« La Nature aime se voiler » (Héraclite d'Ephèse)
La matière première est un sommeil. La lumière n'est pas encore. Dans le rêve de la matière, les yeux ne sont pas encore. L'œuvre est au noir. Nous sommes et nous ne sommes pas.
« Au commencement sans commencement était la beauté
Et la beauté était la matière
Et la matière était la beauté
La beauté était dans la matière et la matière était en elle
Mais la beauté était cachée ». (Chant orphique)
Obscur désir né de la matière obscure, le mot lumière créa les yeux. Et voici les yeux des astres, les yeux des globes, les yeux des particules, les yeux des filaments, les yeux des membranes et des agencements de membranes, voici les molécules et leurs yeux de graine. Tout tombe. Tout tombe et ne tombe pas. Tout flotte, sans verticale ni horizontale, et tout ce qui est en haut est comme ce qui est en bas. La gravité est accomplie.
Et dans la gravité la beauté cachée
En ce monde et pas de ce monde
Comme la connaissance
En ce monde et pas de ce monde
Car la Nature aime se voiler
La gravité aime se voiler
La connaissance aime se voiler
L'innocence aime se voiler
Désir obscur né dans l'ivresse de la lumière, l'innocence met au monde, inlassablement, l'enfant. Dans l'ivresse d'être sans raison, l'être enfant voyage tout seul dans le ventre de la Mère avec, dit-on, le vrai nom de la beauté cachée, le nom auquel elle répond si on l'appelle. L'enfant vient au monde. Il prononce le nom. Il dit le mot « grâce ». On ne l'entend pas.
Il dit :
« Aux ténèbres qui m'ont mené jusqu'ici Je rends grâce pour grâce »

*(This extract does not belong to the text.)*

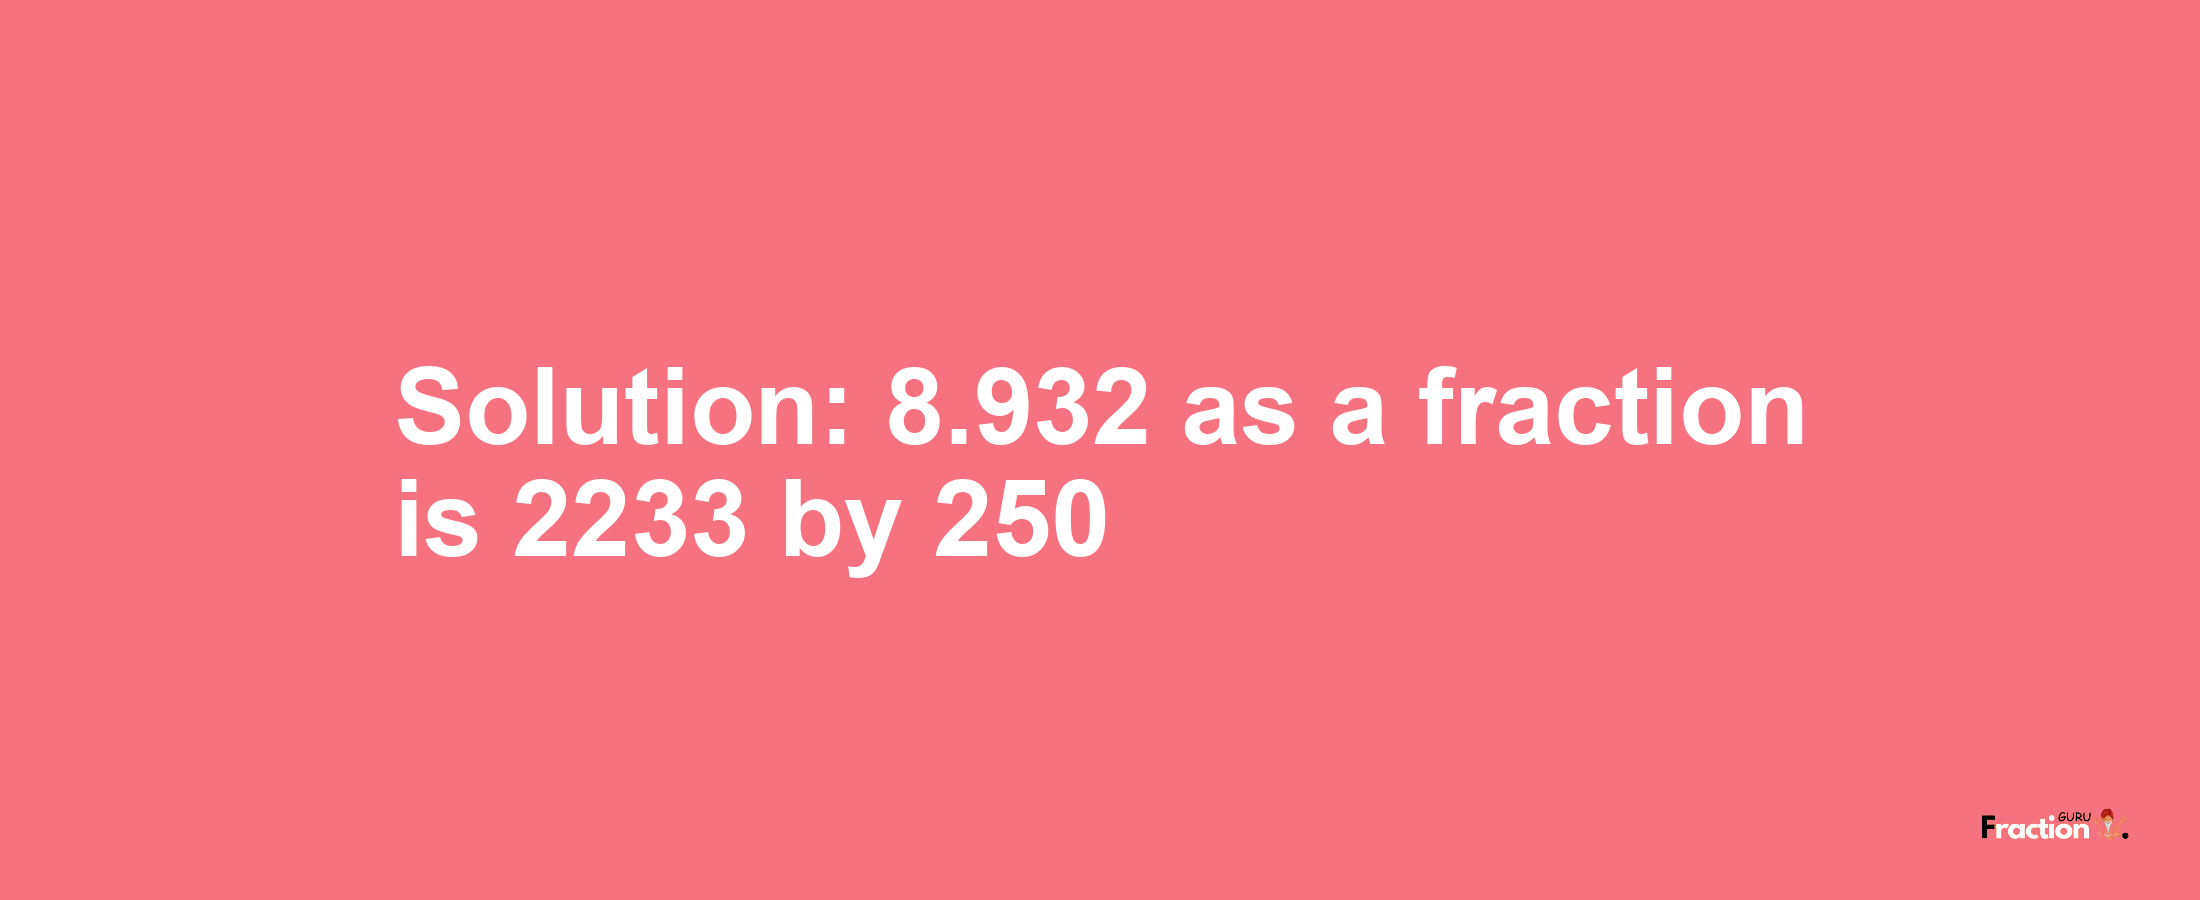 Solution:8.932 as a fraction is 2233/250
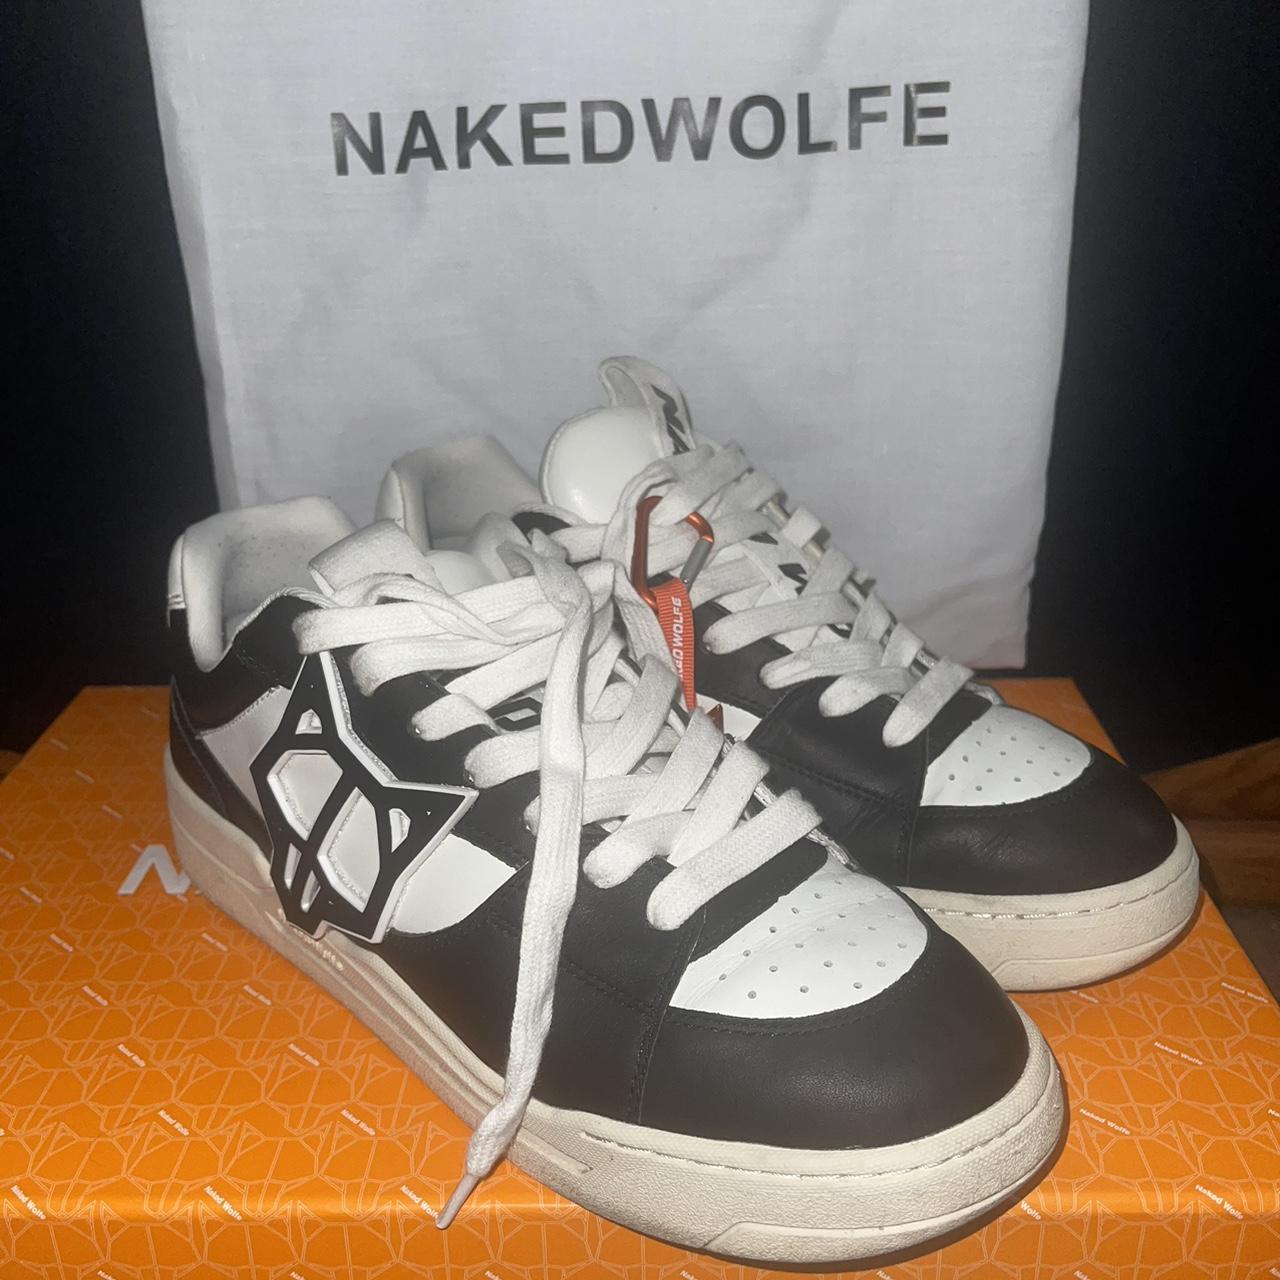 Naked Wolfe sneakers. Didn’t really wear that much... - Depop

On ne l'entend pas. C'est dans la langue du babil, langue de Sphinx. La langue où chantent les Orphiques et les oiseaux :
« L'homme qui te parle est un Sphinx
L'homme que tu fus, le père que tu as eu était Sphinx
Eh bien, qu'as-tu compris au Sphinx qui te fut soumis ? »*
Car la Nature aime se voiler
La connaissance aime se voiler
L'innocence aime se voiler
La beauté aime se voiler
La beauté des formes sensibles et des êtres mathématiques
Dans un monde suspendu dans le vide et menacé par le vide
La beauté cachée sous les pieds de ceux qui tombent.